Cocaine administration alters behavioral and neural correlates of DMS performance. (A) Single session example of the change in cumulative distribution of correct and error trials during the control (saline) versus cocaine halves of the session. Cocaine (0.40 mg/kg) was administered after Trial 62 of the control (saline) half of the session, which reset the cumulative trial plot to 0 (Trial #) for 61 more trials in the cocaine half of the session. Cocaine produced a marked change in the cumulative number of correct (red) and error (blue) trials across the last (61 trials) half of the session compared with the control half of the session where the cumulative trial distribution (green and yellow) was similar. (B) Mean percentage of correct performance across all animals (n = 4) for trials with different numbers of distracter images (1–6) in the Match phase during control vs. cocaine halves of the same sessions (n = 19). Significance: **F(1, 96) > 11.22, p < .001; *F(1, 96) = 10.07, p < .01, +F(1, 96) = 3.87, p < .05. (C) Scatter plot of normalized cross-correlation coefficients from cell pairs shown in Figure 5C for both the control and cocaine halves of the same DMS session. Lack of distribution along the diagonal line represents a significant change in interlaminar correlated cell firing across the two halves of cocaine administered sessions. (D) Schematic diagram illustrating possible underlying basis for the effects of cocaine administration which produces a partial decoupling of interlaminar correlated firing between cells in pFC L2/3 and L5 as shown in C.

DISCUSSION

Response-Dependent Columnar Processing in pFC

The findings reported here (Figures 2, 3, and 4) are consistent with the idea that neurons in the supra- and infragranular layers form efficient minicolumnar circuits during the Match phase target selection process required for effective performance of tasks such as this one (Buffalo et al., 2011; Opris et al., 2011; Takeuchi et al., 2011; Resulaj et al., 2009; Pesaran et al., 2008; Swadlow, Gusev, & Bezdudnaya, 2002). The unique conformal ceramic (MEA) recording probe (Figure 1E) employed in this study provided the basis for this first time assessment of interlaminar correlated firing (Opris et al., 2011) validated in multiple recordings of L2/3 and L5 cell pairs that yielded similar relations following several manipulations and treatments across animals and sessions (Figures 3D, 4E, and 5E). The increase in L2/3 and L5 correlation specific to the decision for target selection in the Match phase of the task (Figures 2, 4, and 5) suggests that a key variable in DMS task-related performance was activation of L5 neurons via specific minicolumnar input from paired neurons in L2/3, which have been shown to participate in the integration of sensory evidence with “long-range” inputs from the dorsal visual stream, in parietal/visual cortex (Resulaj et al., 2009; Heekeren et al., 2008; Pesaran et al., 2008; Opris & Bruce, 2005). Such integration was definitely reduced on error trials as indicated by the reduction in firing synchrony between L2/3 and L5 cell pairs relative to correct trials under normal performance conditions (Figure 4B and E). Another feature demonstrating the columnar nature of this type of multineuron processing was the fact that classified cell pairs also showed the same Match phase spatial tuning biases (Felsen et al., 2002) during the session (Figure 3), which indicates the presence of previously identified pFC minicolumnar selection biases (Opris et al., 2011; Resulaj et al., 2009; Rao et al., 1999).

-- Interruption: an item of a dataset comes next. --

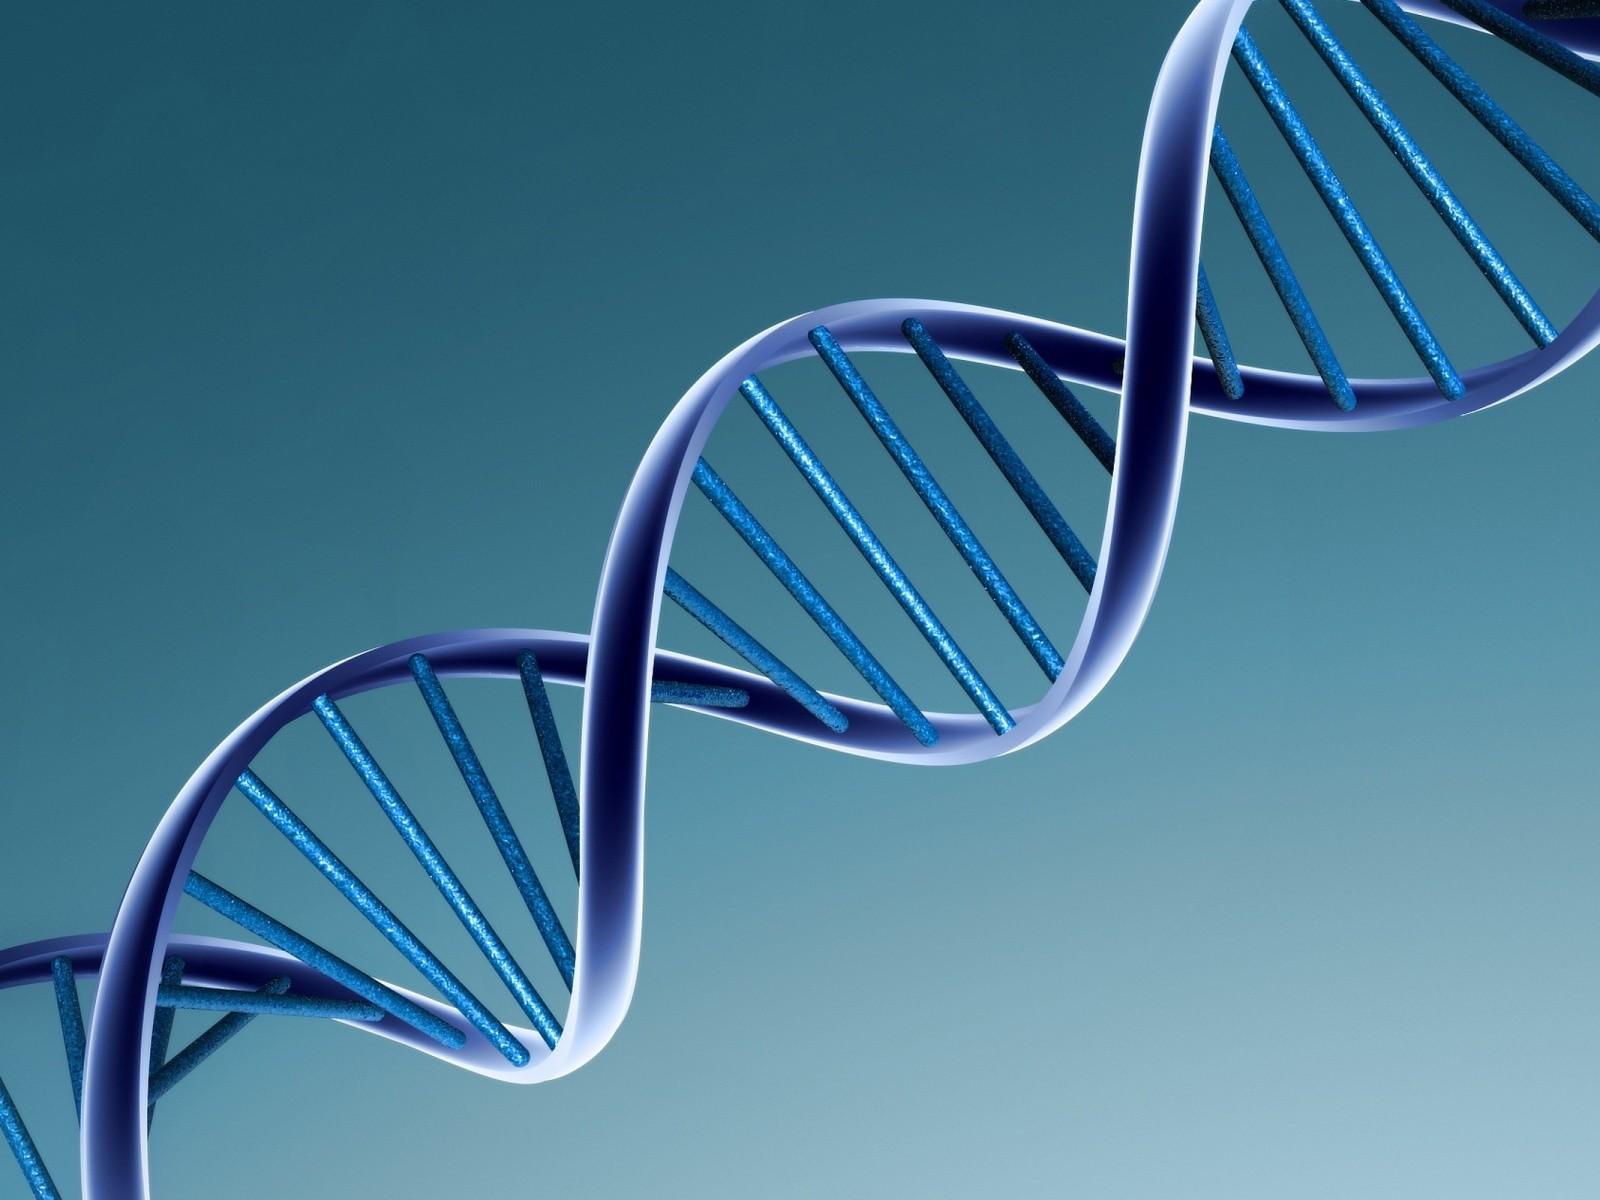 Rusya yeryüzündeki tüm varlıkların DNA'sını toplamayı amaçlıyor

pFC minicolumn has been regarded as a neuronal “module” (Casanova et al., 2003; Buxhoeveden & Casanova, 2002) with basic associative abilities to integrate the horizontal (or bottom–up sensory processing) and vertical (top–down) “components” of cortical integration (Mountcastle, 2007; Lund et al., 2003; Tanaka, 2003). Thus, neurons in supragranular layers have been shown to extend “long-range” feed-forward/feedback connections between primary sensory areas and pFC prividing input to minicolumns in L2/3 (Kritzer & Goldman-Rakic, 1995), whereas neurons in the infragranular layers that participate in the inter-laminar minicolumnar processing in L/5 provide the output to the subcortical structures involved in behavioral responding (Wagatsuma, Potjans, Diesmann, & Fukai, 2011). Alteration/disruption of prefrontal cortical minicolumns has been documented in schizophrenic and autistic patients that show cognitive deficits (Casanova et al., 2003, 2008; Buxhoeveden & Casanova, 2002).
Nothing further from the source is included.